--- Source records Enclosed Below ---

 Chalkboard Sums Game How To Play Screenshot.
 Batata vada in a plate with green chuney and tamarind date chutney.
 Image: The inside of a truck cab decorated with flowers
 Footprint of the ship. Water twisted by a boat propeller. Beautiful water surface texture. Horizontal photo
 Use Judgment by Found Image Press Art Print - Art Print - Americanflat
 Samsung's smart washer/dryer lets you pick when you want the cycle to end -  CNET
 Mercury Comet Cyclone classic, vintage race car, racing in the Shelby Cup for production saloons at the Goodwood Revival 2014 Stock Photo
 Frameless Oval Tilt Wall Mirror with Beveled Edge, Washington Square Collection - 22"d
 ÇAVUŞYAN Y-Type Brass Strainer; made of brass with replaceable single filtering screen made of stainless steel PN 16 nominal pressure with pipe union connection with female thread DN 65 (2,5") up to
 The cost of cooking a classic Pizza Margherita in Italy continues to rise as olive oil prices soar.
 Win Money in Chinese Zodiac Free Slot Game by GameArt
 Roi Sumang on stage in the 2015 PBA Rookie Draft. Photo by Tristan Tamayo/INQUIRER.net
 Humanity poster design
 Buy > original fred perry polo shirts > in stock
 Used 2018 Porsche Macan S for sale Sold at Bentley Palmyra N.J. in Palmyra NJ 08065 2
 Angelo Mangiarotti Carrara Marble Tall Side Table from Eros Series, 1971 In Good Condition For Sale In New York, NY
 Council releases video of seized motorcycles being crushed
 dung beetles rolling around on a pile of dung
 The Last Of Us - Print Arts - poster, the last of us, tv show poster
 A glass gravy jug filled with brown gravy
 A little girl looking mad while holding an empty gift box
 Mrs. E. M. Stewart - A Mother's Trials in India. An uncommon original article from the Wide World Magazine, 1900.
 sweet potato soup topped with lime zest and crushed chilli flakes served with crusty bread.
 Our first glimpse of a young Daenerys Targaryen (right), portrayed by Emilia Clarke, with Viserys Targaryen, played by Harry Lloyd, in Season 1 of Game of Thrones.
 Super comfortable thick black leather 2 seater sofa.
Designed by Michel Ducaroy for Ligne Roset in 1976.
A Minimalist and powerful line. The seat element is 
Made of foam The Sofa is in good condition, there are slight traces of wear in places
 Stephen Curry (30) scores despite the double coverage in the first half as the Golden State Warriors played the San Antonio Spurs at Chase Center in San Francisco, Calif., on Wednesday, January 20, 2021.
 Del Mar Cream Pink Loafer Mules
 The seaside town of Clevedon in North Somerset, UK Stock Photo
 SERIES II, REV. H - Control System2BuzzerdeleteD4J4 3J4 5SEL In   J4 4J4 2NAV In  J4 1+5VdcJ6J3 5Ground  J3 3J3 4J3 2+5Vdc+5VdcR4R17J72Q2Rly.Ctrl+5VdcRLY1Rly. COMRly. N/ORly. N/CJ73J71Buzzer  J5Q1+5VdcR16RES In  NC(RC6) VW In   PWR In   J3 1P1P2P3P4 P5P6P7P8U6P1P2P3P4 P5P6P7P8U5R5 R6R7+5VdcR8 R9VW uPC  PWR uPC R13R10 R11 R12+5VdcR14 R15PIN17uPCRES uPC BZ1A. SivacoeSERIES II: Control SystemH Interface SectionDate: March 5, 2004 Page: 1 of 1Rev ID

--- End of Enclosed Source records ---

▶ **Problem statement**: Give back the material in full, word for word.

▶ **Task solution**:
 Chalkboard Sums Game How To Play Screenshot.
 Batata vada in a plate with green chuney and tamarind date chutney.
 Image: The inside of a truck cab decorated with flowers
 Footprint of the ship. Water twisted by a boat propeller. Beautiful water surface texture. Horizontal photo
 Use Judgment by Found Image Press Art Print - Art Print - Americanflat
 Samsung's smart washer/dryer lets you pick when you want the cycle to end -  CNET
 Mercury Comet Cyclone classic, vintage race car, racing in the Shelby Cup for production saloons at the Goodwood Revival 2014 Stock Photo
 Frameless Oval Tilt Wall Mirror with Beveled Edge, Washington Square Collection - 22"d
 ÇAVUŞYAN Y-Type Brass Strainer; made of brass with replaceable single filtering screen made of stainless steel PN 16 nominal pressure with pipe union connection with female thread DN 65 (2,5") up to
 The cost of cooking a classic Pizza Margherita in Italy continues to rise as olive oil prices soar.
 Win Money in Chinese Zodiac Free Slot Game by GameArt
 Roi Sumang on stage in the 2015 PBA Rookie Draft. Photo by Tristan Tamayo/INQUIRER.net
 Humanity poster design
 Buy > original fred perry polo shirts > in stock
 Used 2018 Porsche Macan S for sale Sold at Bentley Palmyra N.J. in Palmyra NJ 08065 2
 Angelo Mangiarotti Carrara Marble Tall Side Table from Eros Series, 1971 In Good Condition For Sale In New York, NY
 Council releases video of seized motorcycles being crushed
 dung beetles rolling around on a pile of dung
 The Last Of Us - Print Arts - poster, the last of us, tv show poster
 A glass gravy jug filled with brown gravy
 A little girl looking mad while holding an empty gift box
 Mrs. E. M. Stewart - A Mother's Trials in India. An uncommon original article from the Wide World Magazine, 1900.
 sweet potato soup topped with lime zest and crushed chilli flakes served with crusty bread.
 Our first glimpse of a young Daenerys Targaryen (right), portrayed by Emilia Clarke, with Viserys Targaryen, played by Harry Lloyd, in Season 1 of Game of Thrones.
 Super comfortable thick black leather 2 seater sofa.
Designed by Michel Ducaroy for Ligne Roset in 1976.
A Minimalist and powerful line. The seat element is 
Made of foam The Sofa is in good condition, there are slight traces of wear in places
 Stephen Curry (30) scores despite the double coverage in the first half as the Golden State Warriors played the San Antonio Spurs at Chase Center in San Francisco, Calif., on Wednesday, January 20, 2021.
 Del Mar Cream Pink Loafer Mules
 The seaside town of Clevedon in North Somerset, UK Stock Photo
 SERIES II, REV. H - Control System2BuzzerdeleteD4J4 3J4 5SEL In   J4 4J4 2NAV In  J4 1+5VdcJ6J3 5Ground  J3 3J3 4J3 2+5Vdc+5VdcR4R17J72Q2Rly.Ctrl+5VdcRLY1Rly. COMRly. N/ORly. N/CJ73J71Buzzer  J5Q1+5VdcR16RES In  NC(RC6) VW In   PWR In   J3 1P1P2P3P4 P5P6P7P8U6P1P2P3P4 P5P6P7P8U5R5 R6R7+5VdcR8 R9VW uPC  PWR uPC R13R10 R11 R12+5VdcR14 R15PIN17uPCRES uPC BZ1A. SivacoeSERIES II: Control SystemH Interface SectionDate: March 5, 2004 Page: 1 of 1Rev ID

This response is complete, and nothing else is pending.